Testosterone modulates the expression of the growth factor myostatin during myogenic differentiation and training induced skeletal muscle adaptation

A Friedel ¹, K Schlüpmann ¹, U Laudenbach-Leschowsky ¹, P Diel ¹

¹Institut für Kreislaufforschung und Sportmedizin, Molekulare und zelluläre Sportmedizin, Köln, Germany

Congress Abstract

The process of muscle adaptation is controlled and modulated by growth factors like Myostatin (MSTN) but also by male sex steroids. To investigate effects of testosterone on MSTN expression during myogenic differentiation and training induced skeletal muscle adaptation we performed different studies. In vitro C2C12 myoblastoma cells were treated with dihydrotestosterone (DHT), differentiation serum (DS), and DS + DHT. In vivo orchiectomised (ORX) and intact (INT) rats were treated with different doses of testosterone propionat (TP) and absolved a swim training over three days. Treated but untrained animals served as control group. MSTN mRNA levels were determined using quantitative real time RT-PCR.

In C2C12 cells an application of DS + DHT results in a stimulation of MSTN expression.
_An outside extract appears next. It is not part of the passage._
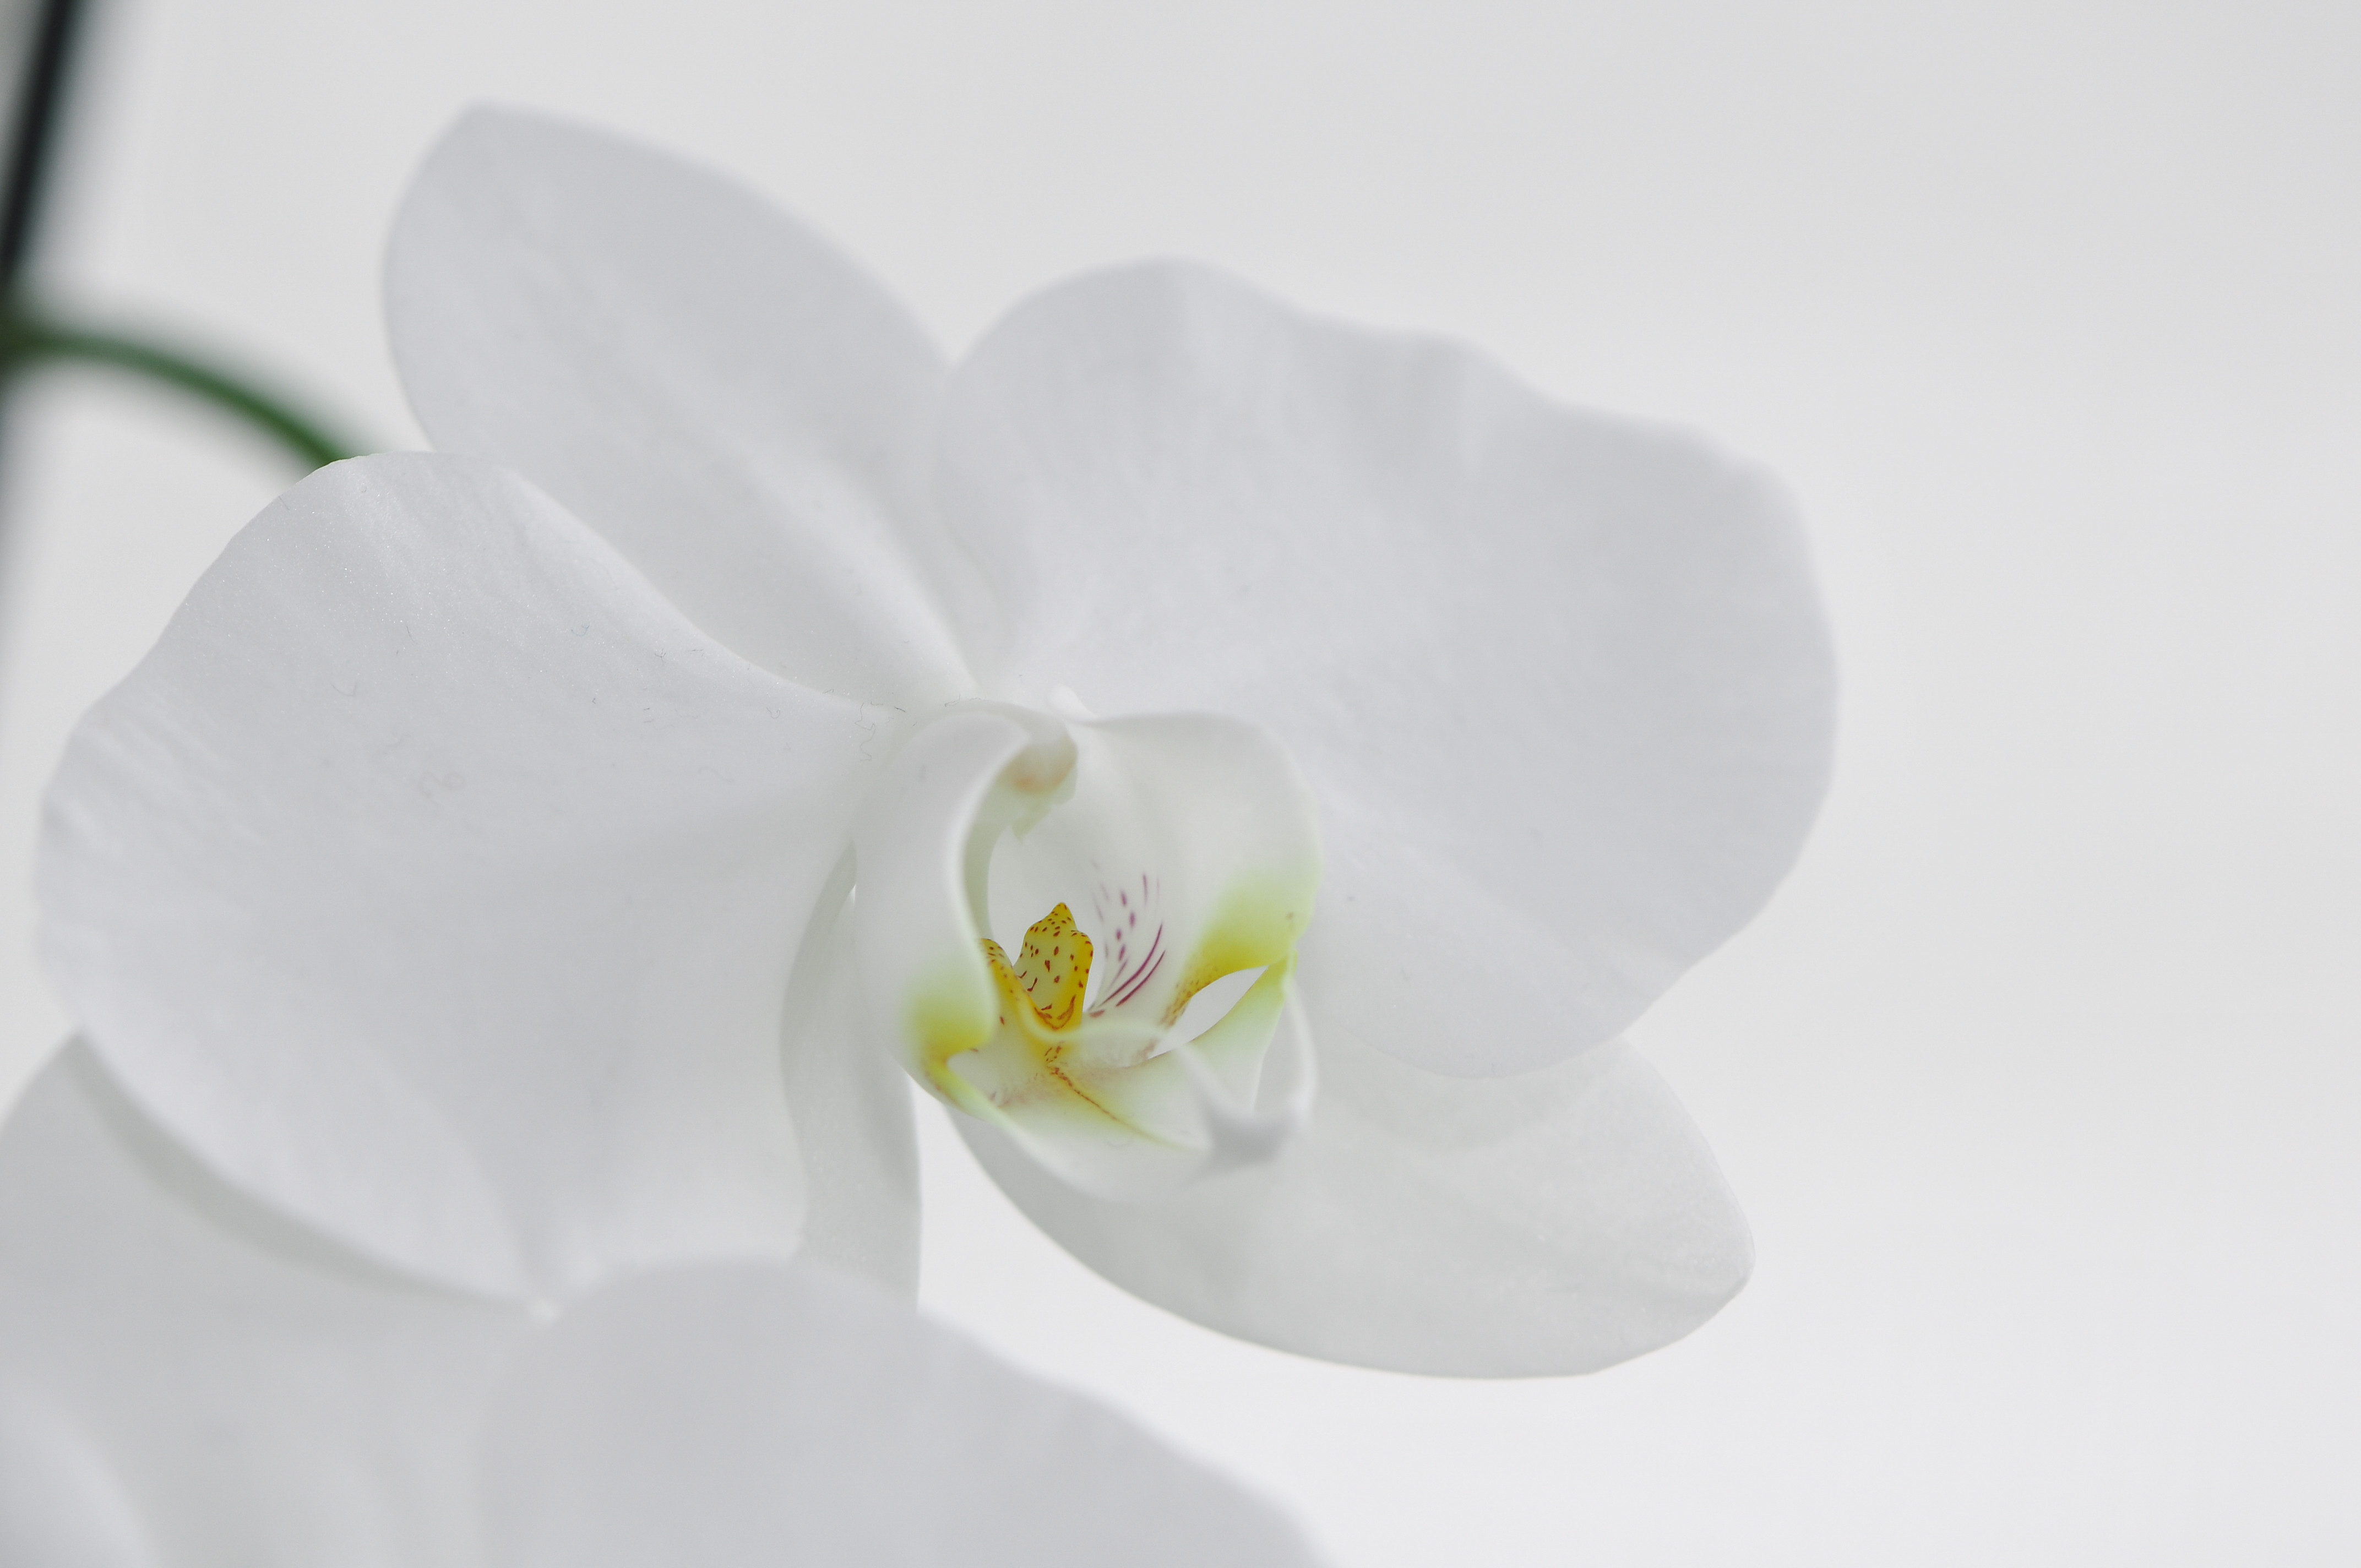 file nachtfalter orchidee phalaenopsis 06 jpg wikimedia. Black Bedroom Furniture Sets. Home Design Ideas

Analysis of CK expression revealed that increase of MSTN expression correlates with an induction of differentiation. In vivo MSTN expression was downregulated in intact trained animals and in intact trained animals treated with TP. Treatment with TP in absence of training does not effect MSTN expression. In ORX rats training resulted in a dramatic up-regulation of MSTN expression, interestingly this effect could be antagonized by TP. Treatment with TP in absence of training resulted in significant stimulation of MSTN expression.

In summary our results clearly demonstrate that TP alters the expression of MSTN in vivo and in vitro. Interestingly, a modulation of MSTN mRNA expression in INT rats could only be observed when treatment was combined with training. These results can be taken as a hind that molecular mechanisms of the anabolic action of testosterone include a modulation of MSTN expression. Our in vitro results implicate a function during satellite cell differentiation. The observation that training in the absence of TP results in an enormous increase of MSTN expression, a growth factor known to inhibit skeletal muscle growth, may have implications with respect to the phenomena of age related loss of muscle mass (sarcopenia) what has to be investigated in future studies.